Information provided
++++++++

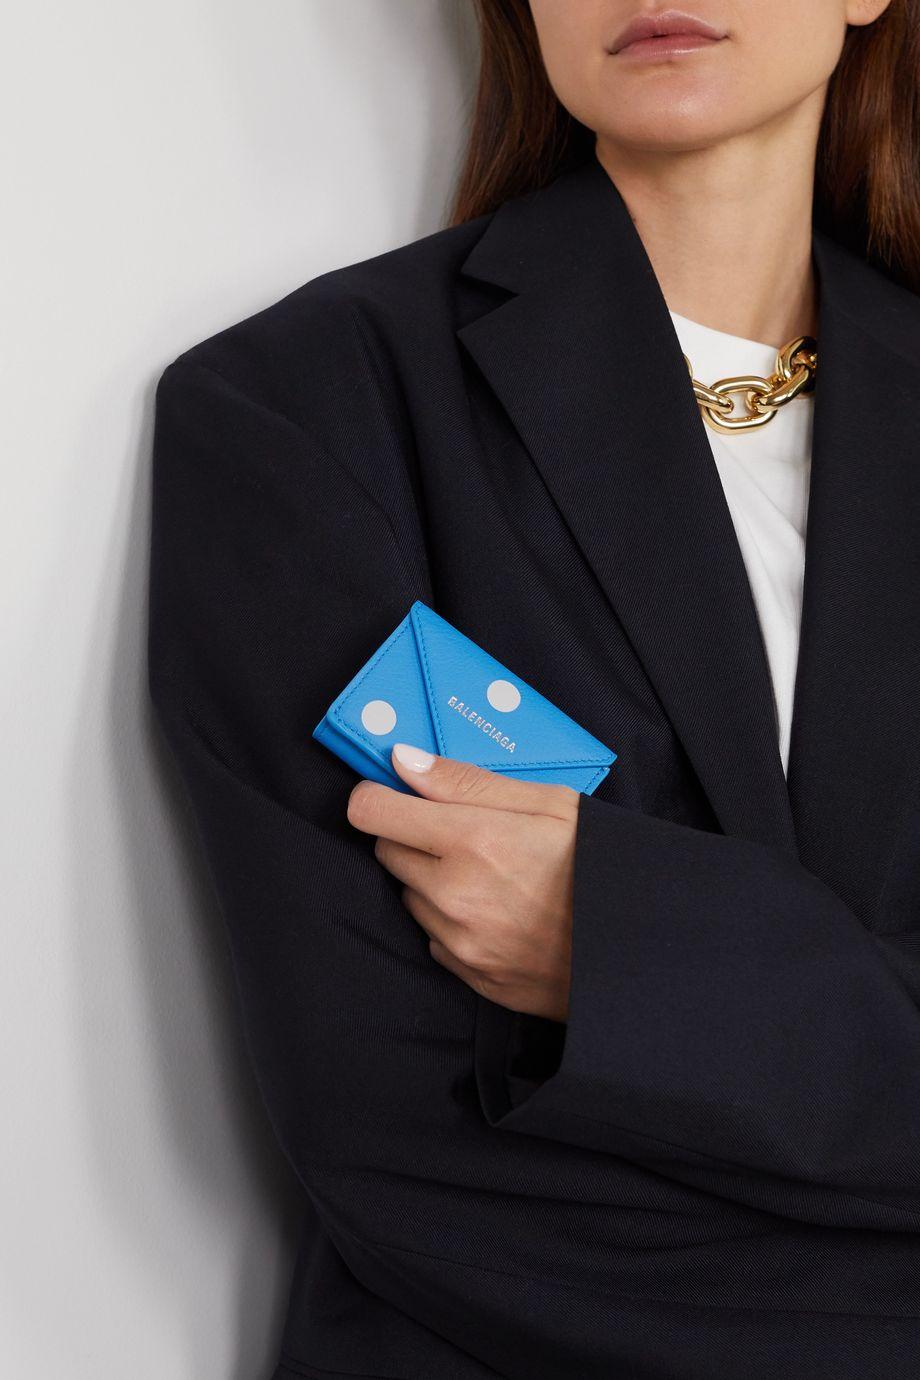 Balenciaga Papier mini bedrucktes Portemonnaie aus strukturiertem Leder mit Polka-Dots
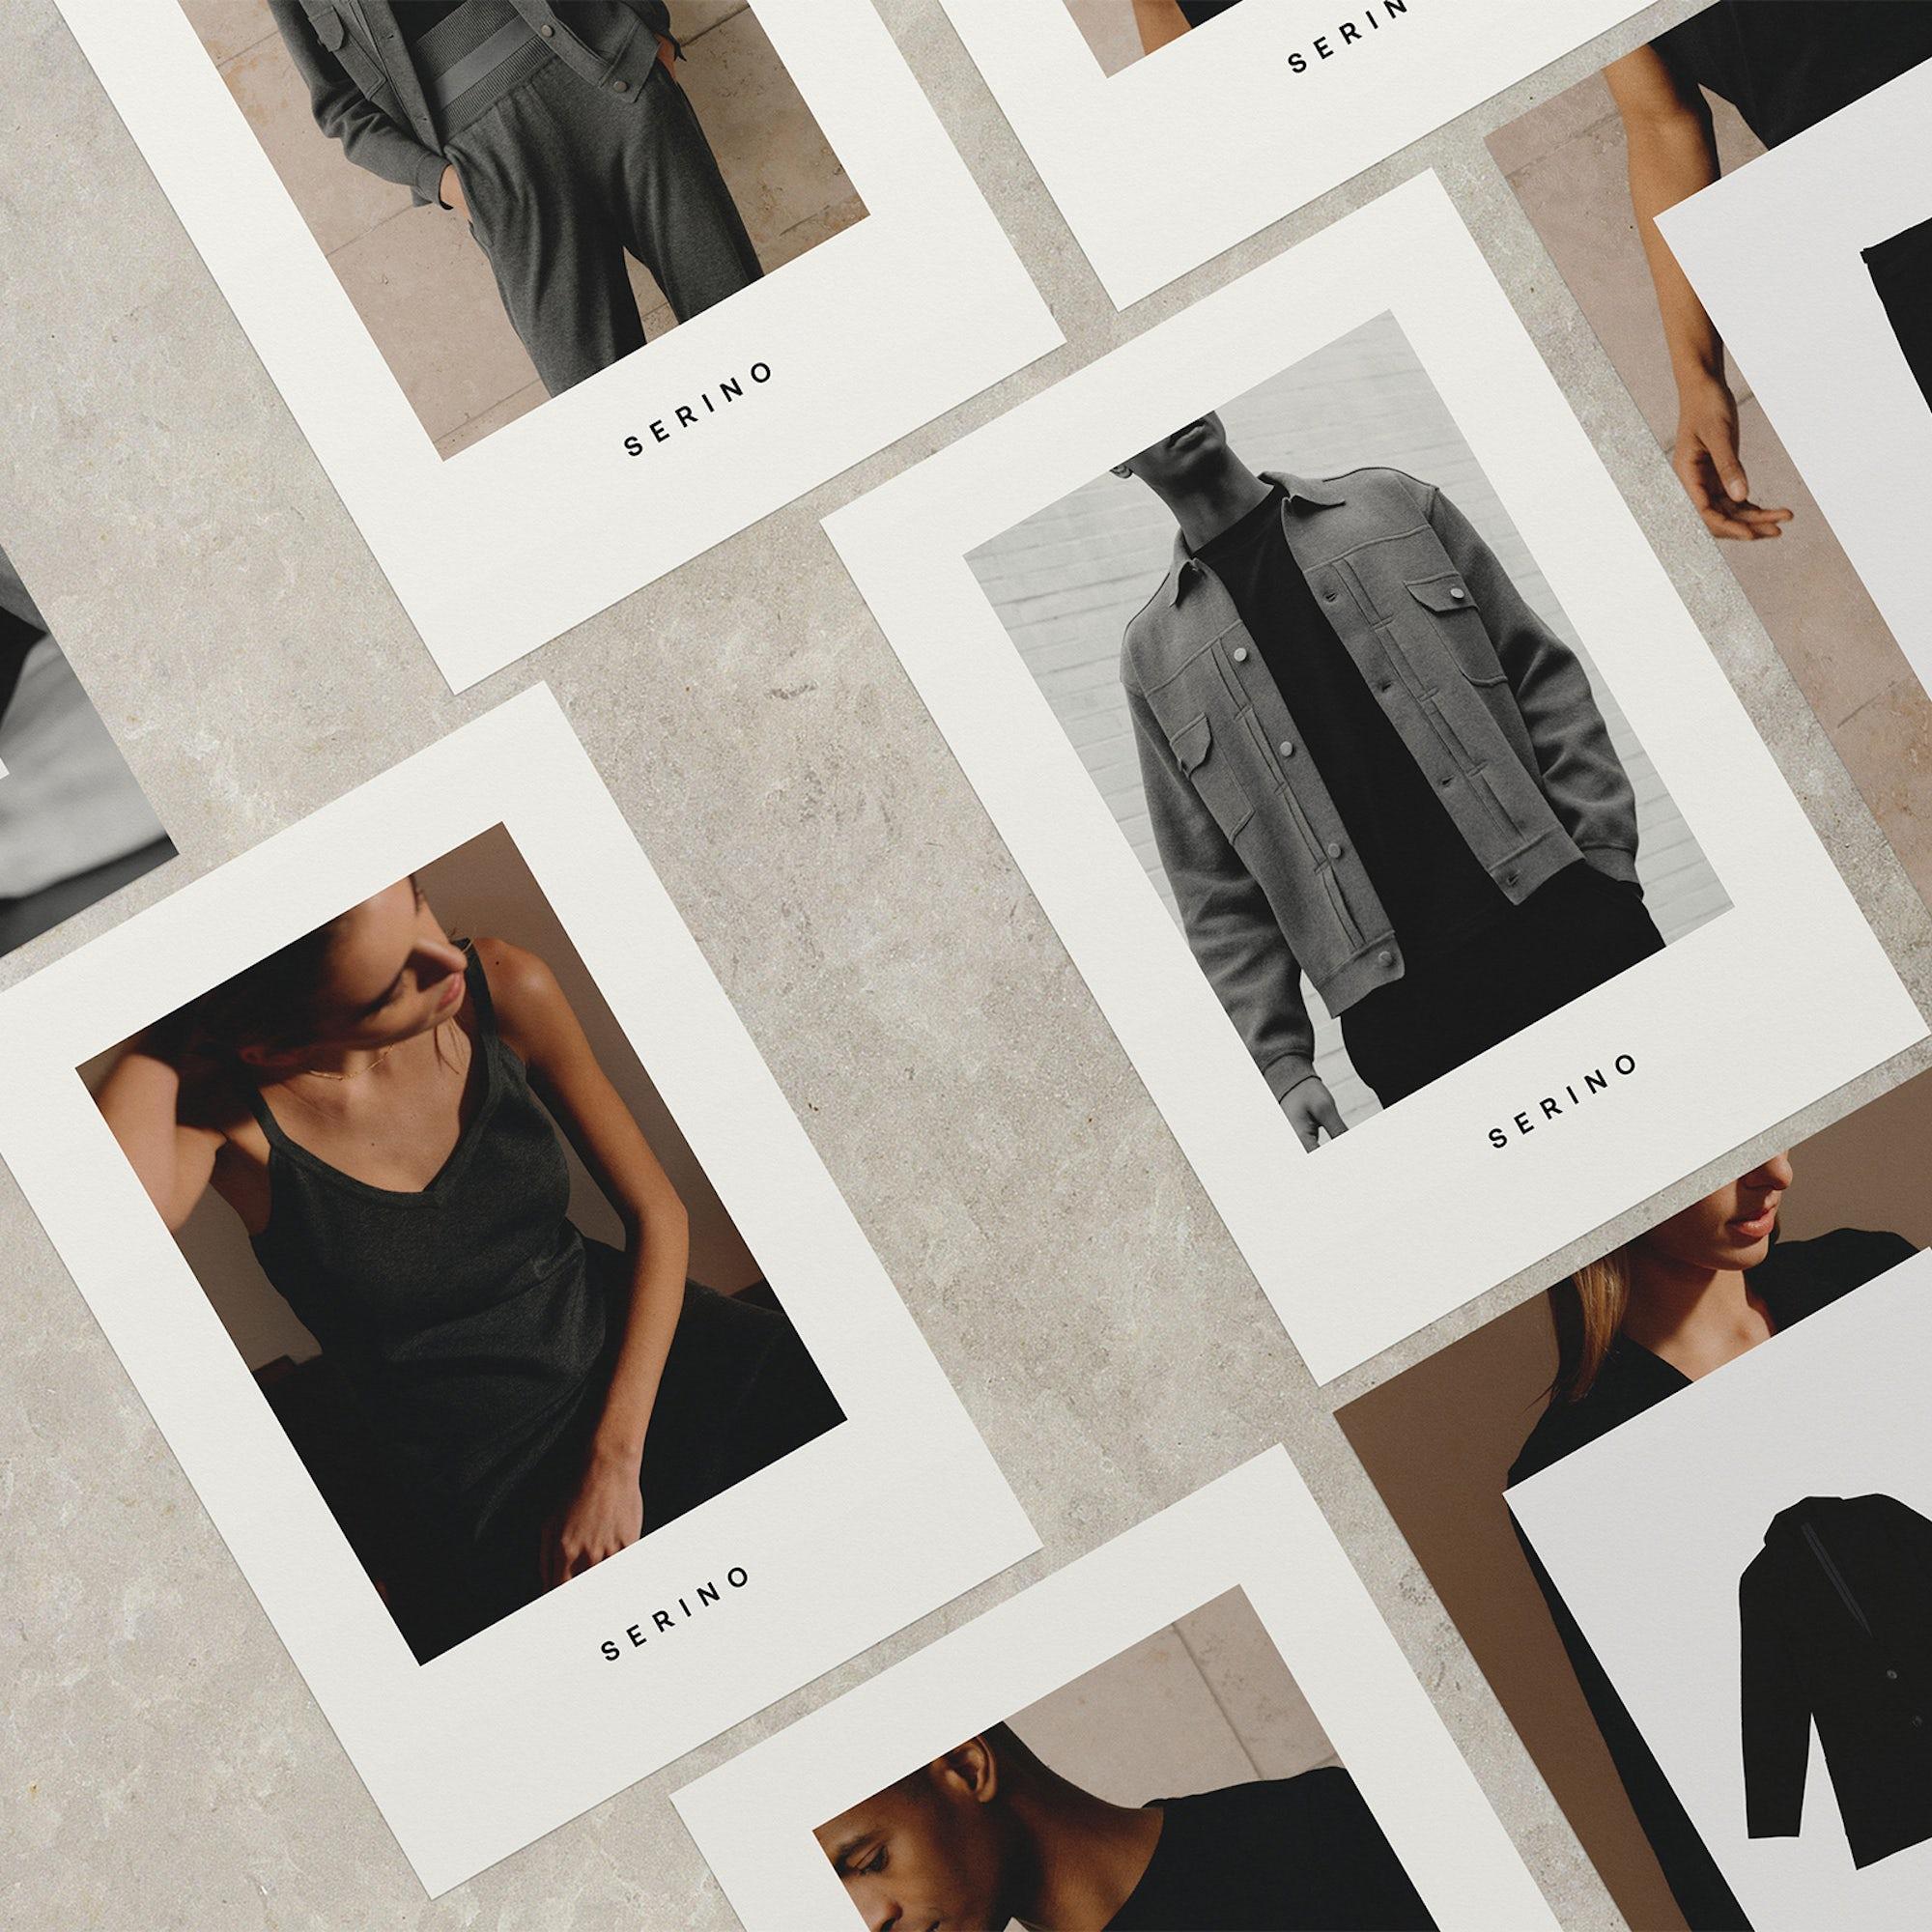 Serino Studio - Editorial Design
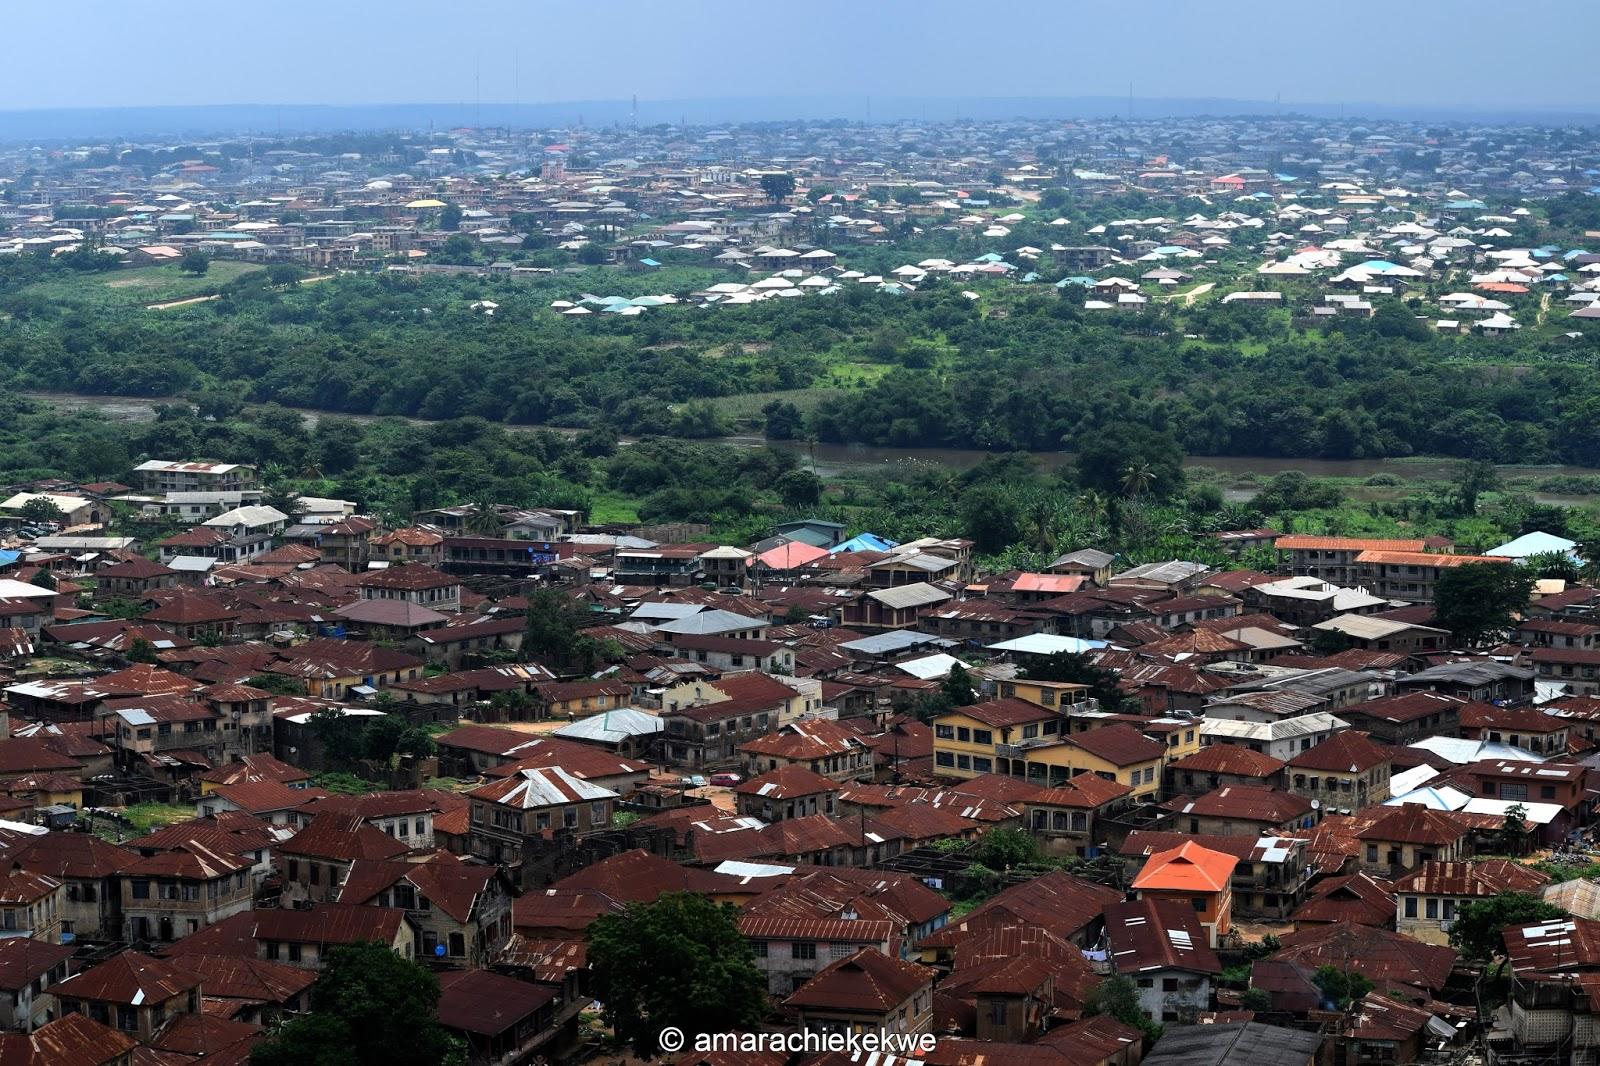 Places to visit in Nigeria -Abeokuta scenery
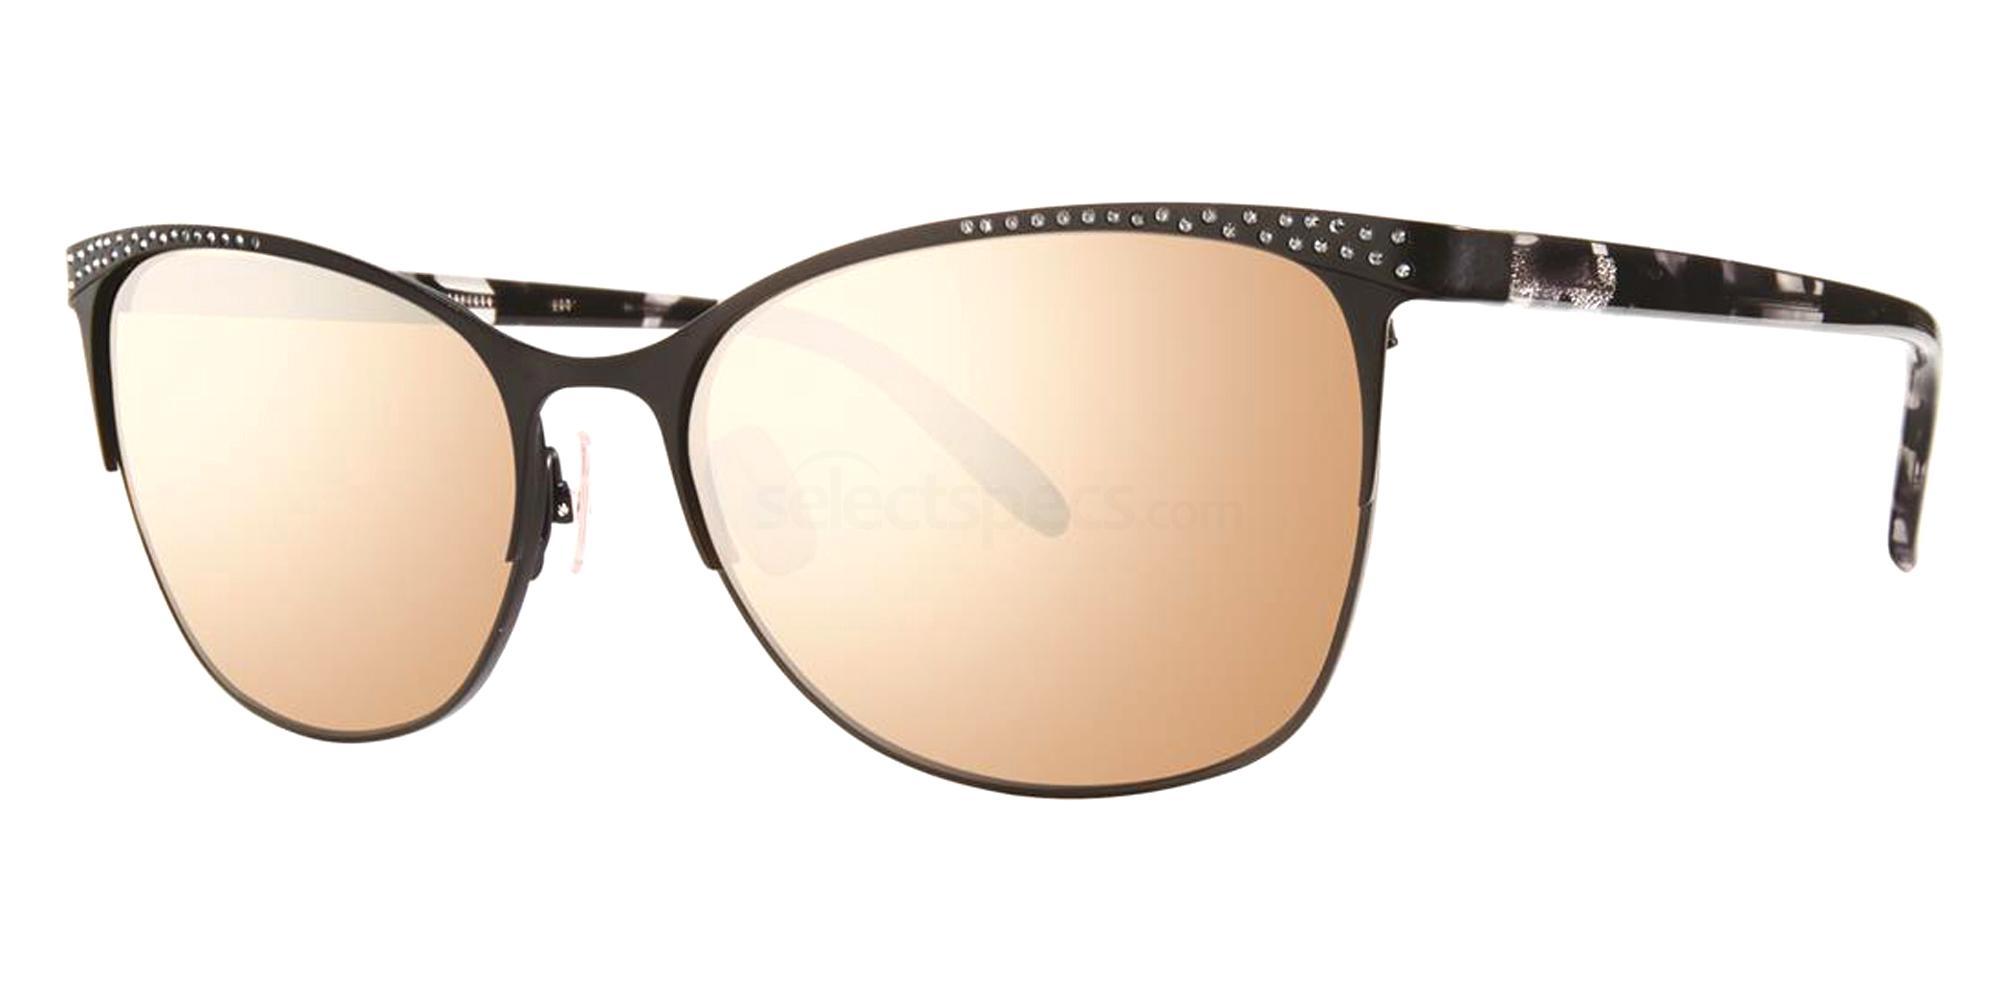 Black JANA Sunglasses, Vera Wang Luxe

++++++++

What you need to do
Leave the pictures out and copy exactly the lines from the one that holds "Places to visit in Nigeria -Abeokuta scenery" through the last line of the material.

Exercise solution
 Places to visit in Nigeria -Abeokuta scenery
 Black JANA Sunglasses, Vera Wang Luxe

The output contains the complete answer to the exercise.